Why does love change so quickly from passion to indifference?
Why are some people die-hard liberals and others hardcore
conservatives? Why are we always hopeful for solutions even
in the darkest times—and so good at figuring them out? The answer
is found in a single chemical in your brain: dopamine. Dopamine
ensured the survival of early man. Thousands of years later, it is
the source of our most basic behaviors and cultural ideas—and
progress itself. Dopamine is the chemical of desire that
always asks for more—more stuff, more stimulation, and more
surprises. In pursuit of these things, it is undeterred by emotion,
fear, or morality. Dopamine is the source of our every urge, that
little bit of biology that makes an ambitious business professional
sacrifice everything in pursuit of success, or that drives a
satisfied spouse to risk it all for the thrill of someone new.

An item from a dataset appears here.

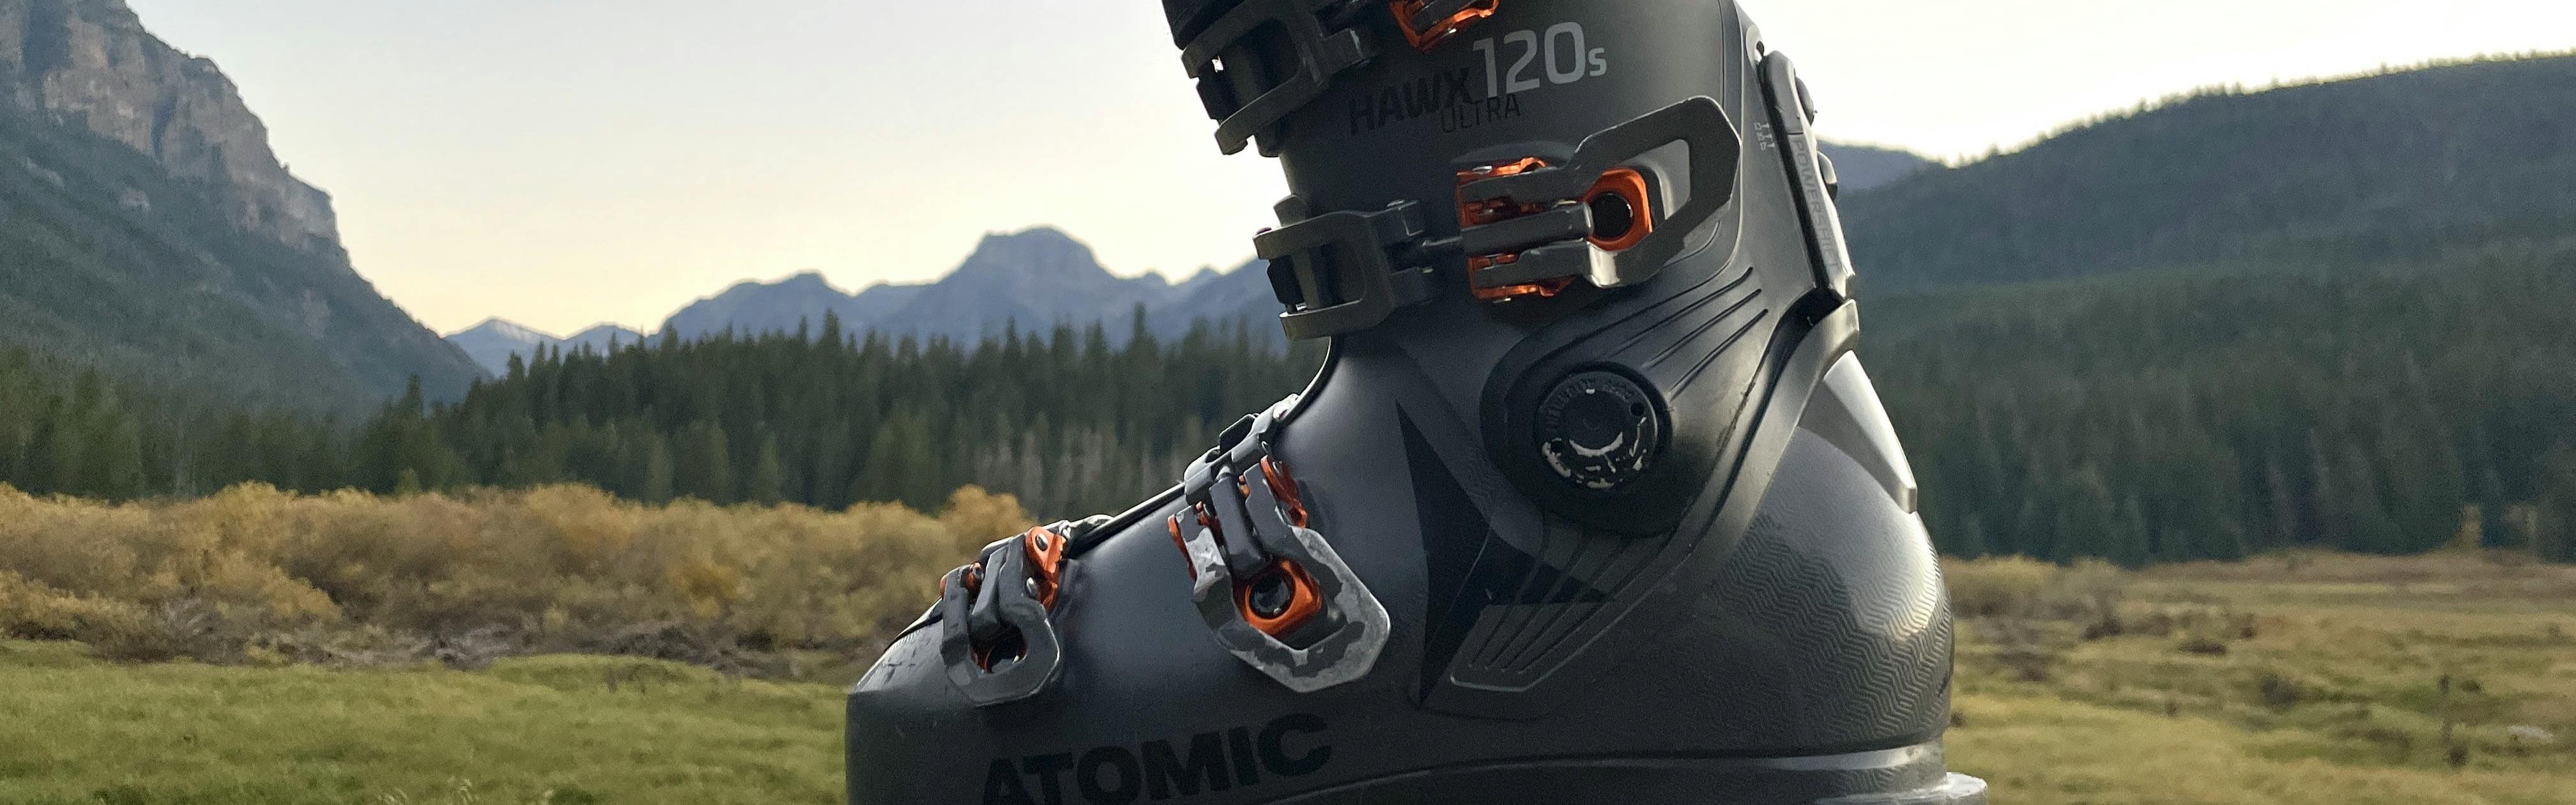 The Atomic Hawx Ultra 120 S Ski Boots · 2020 with a mountain in the background. 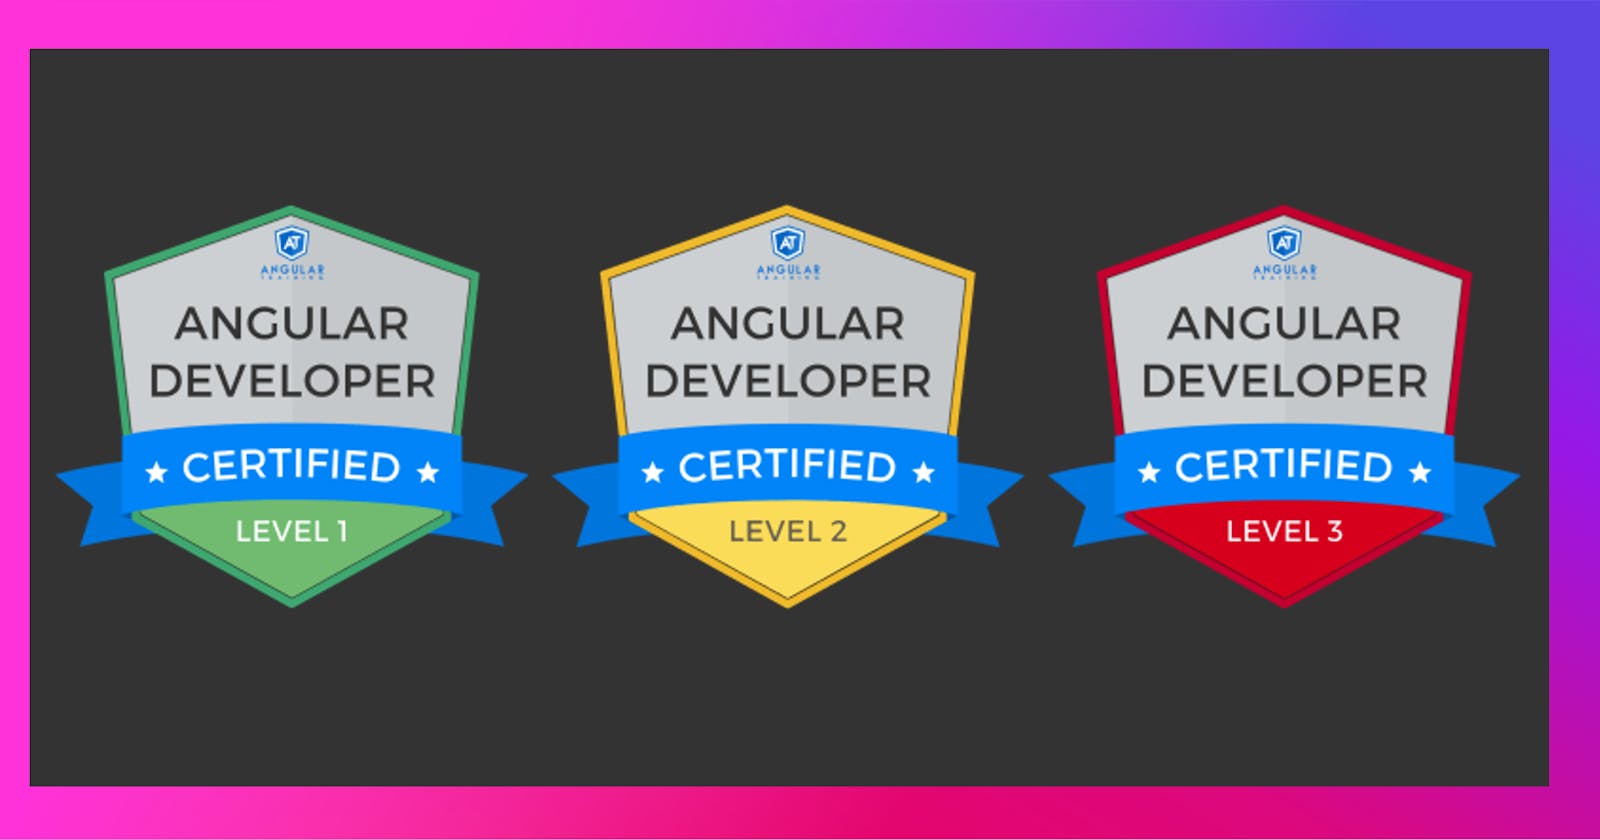 Get your Angular Certification!

Simply put, it is why we seek and succeed; it is why we discover
and prosper. Yet, at the same time, it''s why we gamble and
squander. From dopamine''s point of view, it''s not the
having that matters. It''s getting something—anything—that''s new.
From this understanding—the difference between possessing something
versus anticipating it—we can understand in a revolutionary new way
why we behave as we do in love, business, addiction, politics,
religion—and we can even predict those behaviors in ourselves and
others. In The Molecule of More: How a Single Chemical in
Your Brain Drives Love, Sex, and Creativity—and will Determine the
Fate of the Human Race, George Washington University professor and
psychiatrist Daniel Z. Lieberman, MD, and Georgetown University
lecturer Michael E. Long present a potentially life-changing
proposal: Much of human life has an unconsidered component that
explains an array of behaviors previously thought to be unrelated,
including why winners cheat, why geniuses often suffer with mental
illness, why nearly all diets fail, and why the brains of liberals
and conservatives really are different.